Your answer must be an exact copy of the data, without any pictures.

▸ **RECORDED INFORMATION**:

_ _ _ _ _

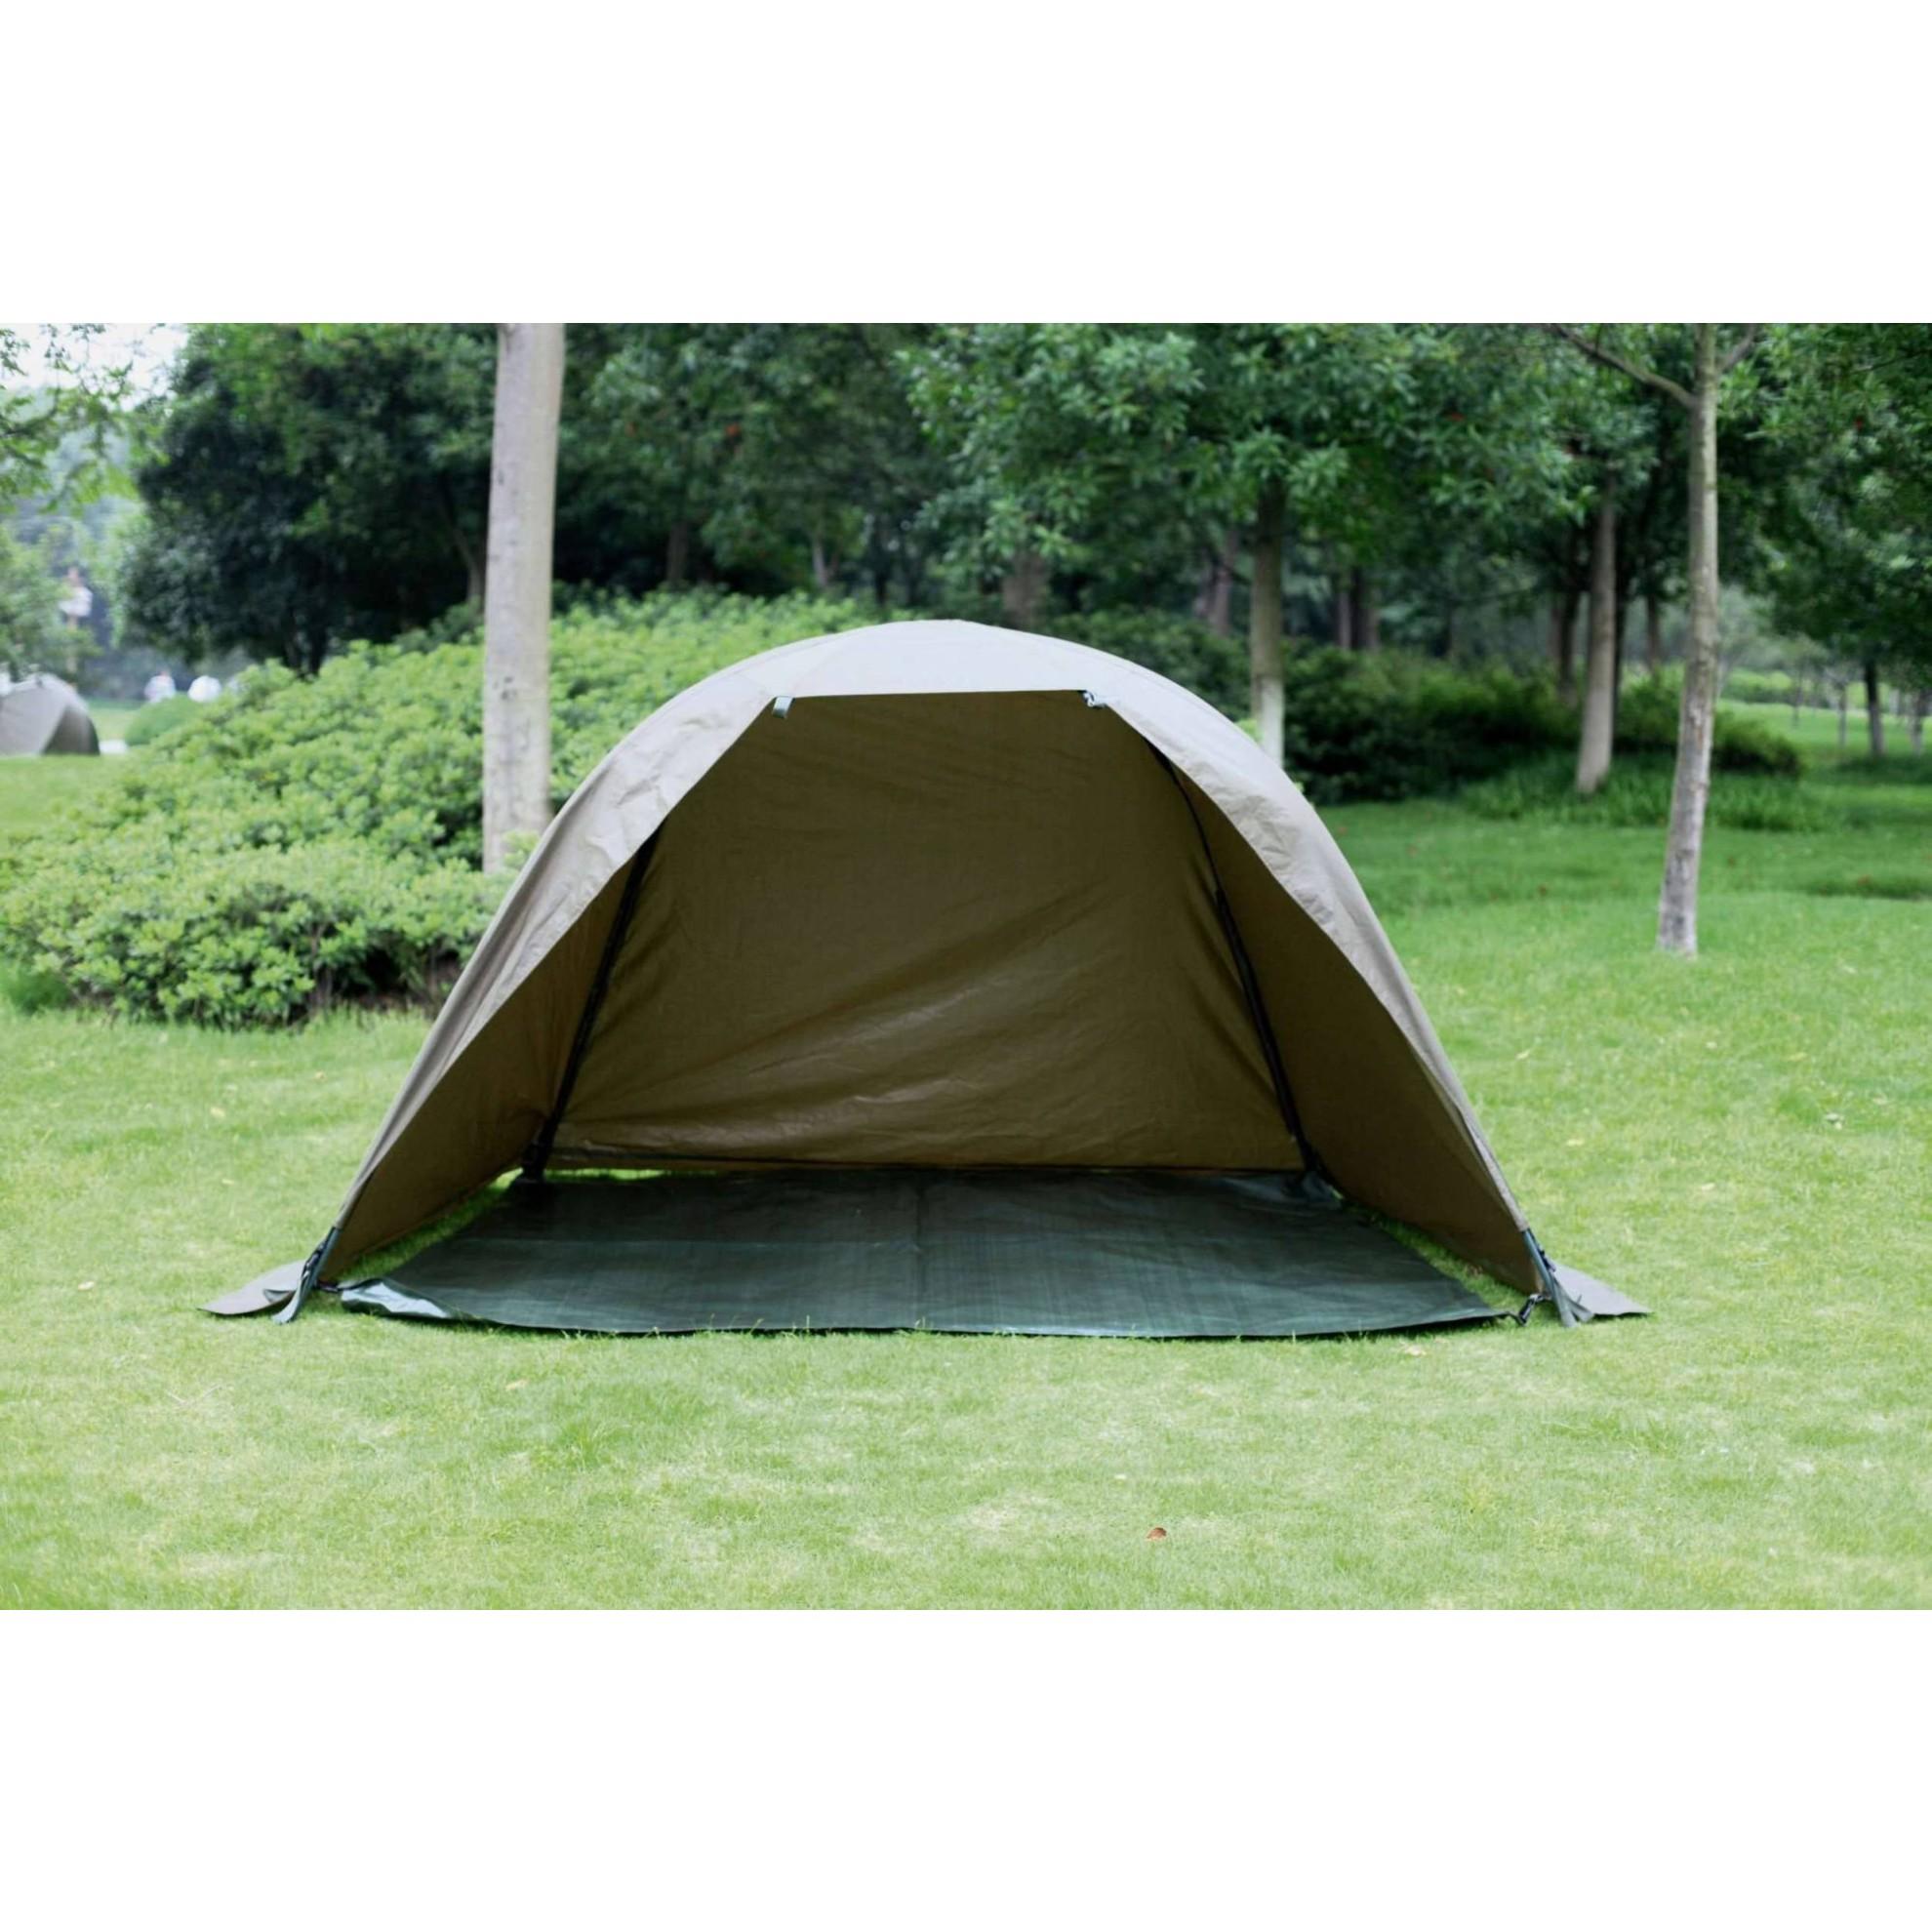 Pelzer Quick Setup Shelter 230 x 130 x 140 cm  sc 1 st  Fishingtackle24 & Pelzer Quick Setup Shelter 230 x 130 x 140 cm Fishingtackle24 ...
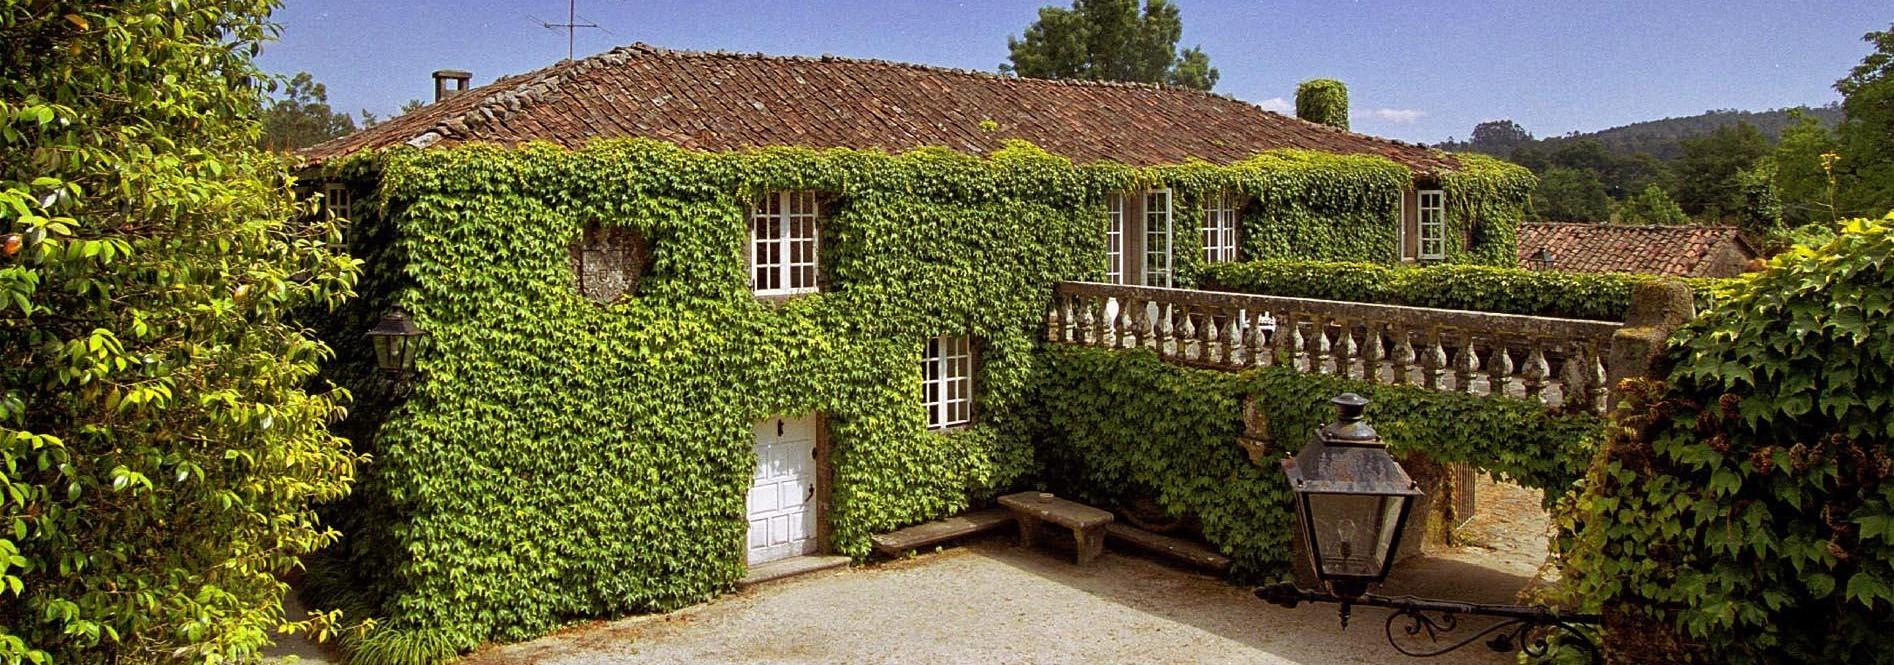 Lan ois doval - Casas rurales con encanto en galicia ...
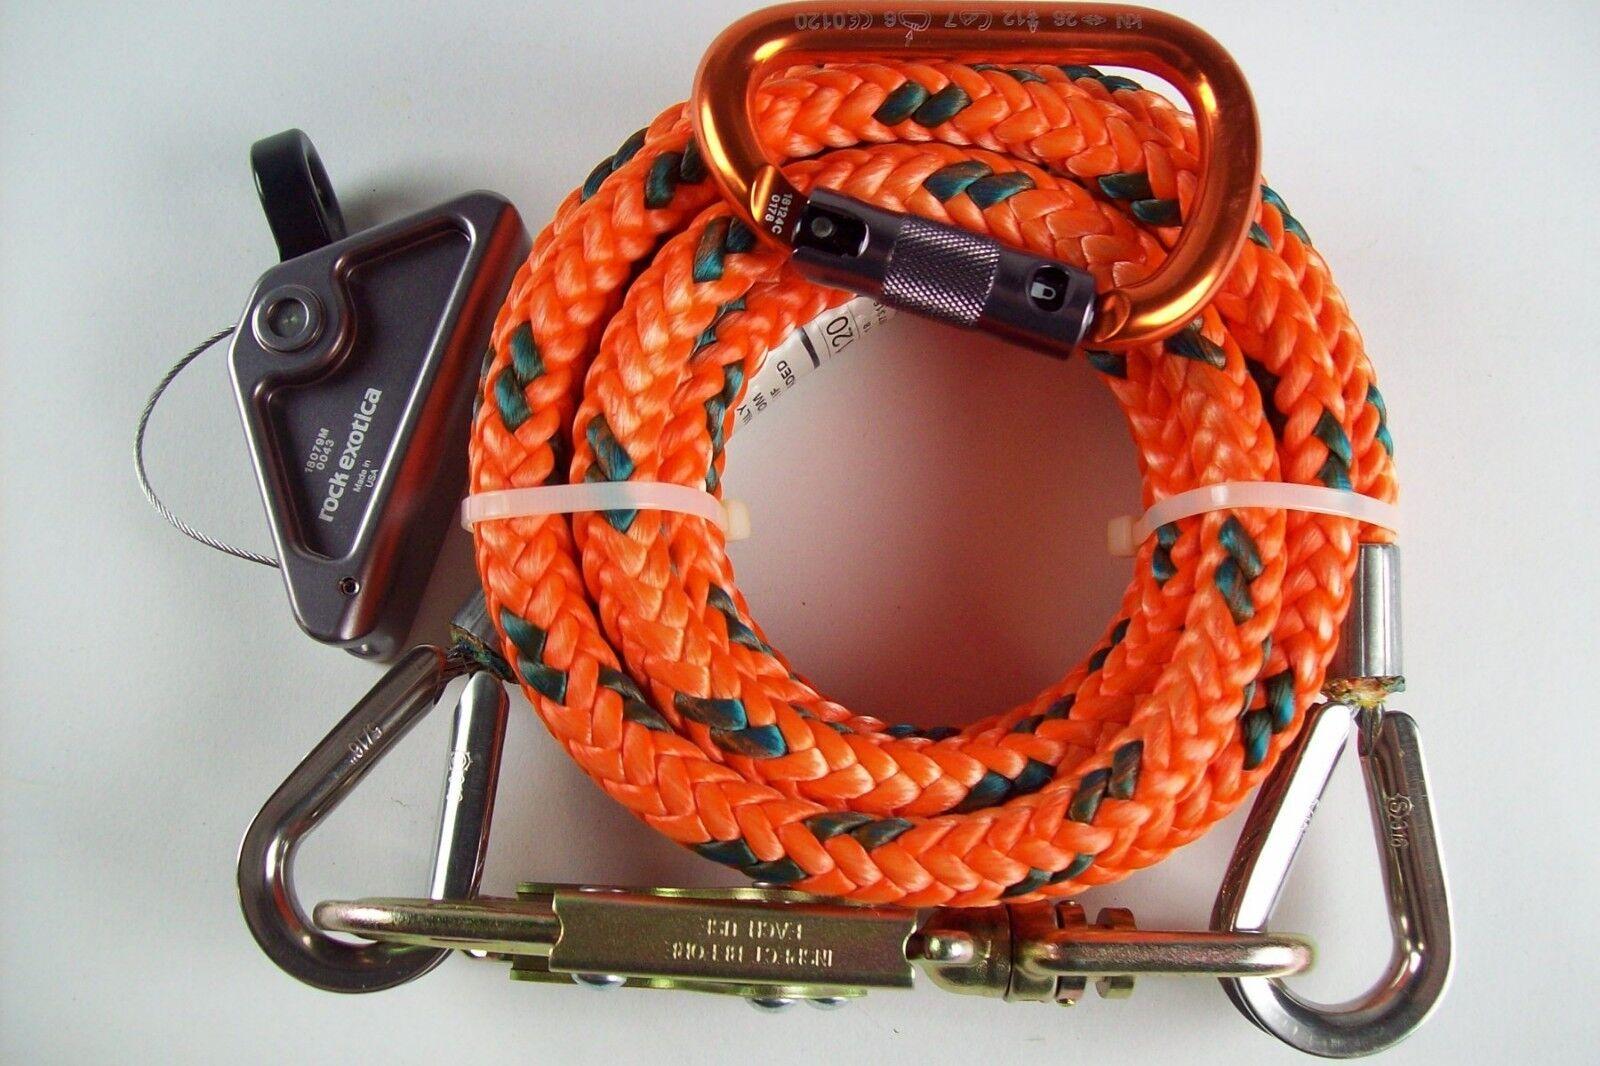 Arborist  Flipline Kit,1 2  x 10',Maxi-Flip (134K), Petzl Adjuster,Carabiner

_ _ _ _ _

▸ **RESPONSE TO THIS EXERCISE**:
 Pelzer Quick Setup Shelter 230 x 130 x 140 cm  sc 1 st  Fishingtackle24 & Pelzer Quick Setup Shelter 230 x 130 x 140 cm Fishingtackle24 ...
 Lan ois doval - Casas rurales con encanto en galicia ...
 Arborist  Flipline Kit,1 2  x 10',Maxi-Flip (134K), Petzl Adjuster,Carabiner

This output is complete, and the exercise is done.